October 19, 2024
This image has an empty alt attribute; its file name is image-4.png

About

Bayesian optimization using Gaussian processes is an extremely powerful tool. However, it is well-known that performance can degrade significantly as the input dimensionality increases. This is due to the “curse of dimensionality,” where it becomes difficult to differentiate meaningful information. To address these issues, numerous methods have been proposed. For example,

  1. Trust Region method (TuRBO)
  2. Variable Selection
  3. Embedding
  4. Additive Kernel
  5. Vanilla Bayesian Optimization

However, I believe there is no definitive conclusion on which method is the best. There have been many reports of good results using TuRBO, but TuRBO is fundamentally an algorithm for single-objective optimization. While a multi-objective version has been proposed, it has not been widely reported yet. Likely, each algorithm has its advantages and disadvantages, and the appropriate choice depends on the specific problem. In this article, I will introduce a method called SAABO(Sparse Axis Aligned Subspace Bayesian Optimization https://arxiv.org/abs/2103.00349), which can be interpreted as a model with 2. variable selection approach.

Formulation

As we can see the paper, some prior probabilities are assumed on the length and variance parameters in kernel function as follows

\begin{align}
\sigma_k^2 \sim LN(0, 10^2)\\
\tau \sim \text{HC}(\alpha)\\
\rho_i \sim \text{HC}(\tau) \quad \text{for } i = 1, \ldots, D\\
f \sim \mathcal{N}(0, K_{\psi_{XX}}) \quad \text{with } \psi = \{\rho_{1:d}, \sigma_k^2\}\\
y \sim \mathcal{N}(f, \sigma^2 I_N)
\end{align}

Here, LN is a Log-Normal distribution, and HC is the Half-Cauchy distribution.

You can see the explanation of both distribution in detail here https://eye.kohei-kevin.com/2024/09/25/log-normal-and-half-cauchy-distribution/, anyway, the distributions are written as

\begin{align}
LN(\mu, \sigma) = LN(x | \mu, \sigma) = \frac{1}{x\sigma\sqrt{2\pi}} e^{-\frac{(\ln x - \mu)^2}{2\sigma^2}} \quad \text{for } x > 0\\
HC(x | \gamma) = \frac{2}{\pi} \frac{\gamma}{x^2 + \gamma^2}
\end{align}

And this model is represented as following graphical model.

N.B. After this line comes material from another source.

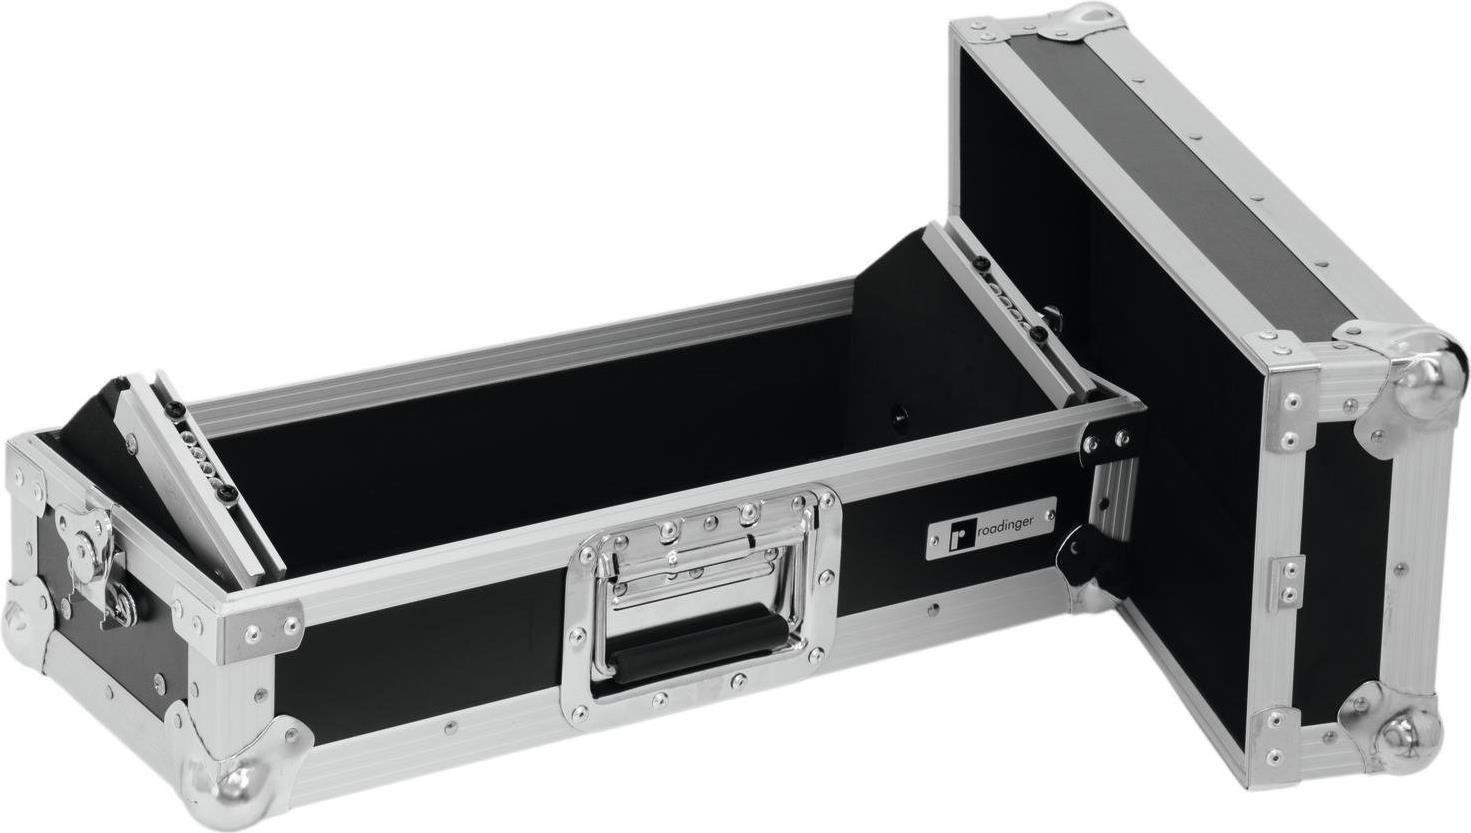 Roadinger MCA-19-N DJ-Mixer Case (L x B x H) 240 x 550 x 235 mm

This image has an empty alt attribute; its file name is image-4.png

There are 3 properties (priors) that they tried to incorporate into this formulations.

They claimed that

  1. The prior on the kernel variance \sigma_k^2 is weak (i.e. non-informative)
  2. The level of global shrinkage (i.e. sparsity) is controlled by the scalar \tau \gt 0, which tends to concentrate near zero due to the Half-Cauchy prior.
  3. The (inverse squared) length scales \rho_i are also governed by Half-Cauchy priors, and thus they too tend to concentrate near zero.

Optimization

The paper proposes two methods. The first is based on the No-U-Turn Sampler (NUTS) [Hoffman and Gelman, 2014], which is an adaptive variant of Hamiltonian Monte Carlo. The second method is Maximum A Posteriori (MAP) estimation, which sacrifices the accuracy of the posterior approximation for faster runtime.

What we need to care of

The SAABO is an effective method for solving high-dimensional problems and has achieved good performance in many benchmarks. However, it should be noted that it does not scale with the number of data points, and its computational load and memory O(N^3)is the same as vanilla BO. Additionally, optimization using Monte Carlo methods may also take time.

Reference

[1] David Eriksson, Martin Jankowiak “High-Dimensional Bayesian Optimization with Sparse Axis-Aligned Subspaces”, https://arxiv.org/abs/2103.00349

[2] Matthew D Hoffman and Andrew Gelman. The No-U-Turn sampler: Adaptively setting path lengths in Hamiltonian Monte Carlo. https://jmlr.org/papers/volume15/hoffman14a/hoffman14a.pdf

[3] C. Hvarfner, E. O. Hellsten, L. Nardi, Vanilla Bayesian Optimization Performs Great in High Dimensions. In International Conference on Machine Learning, 2024.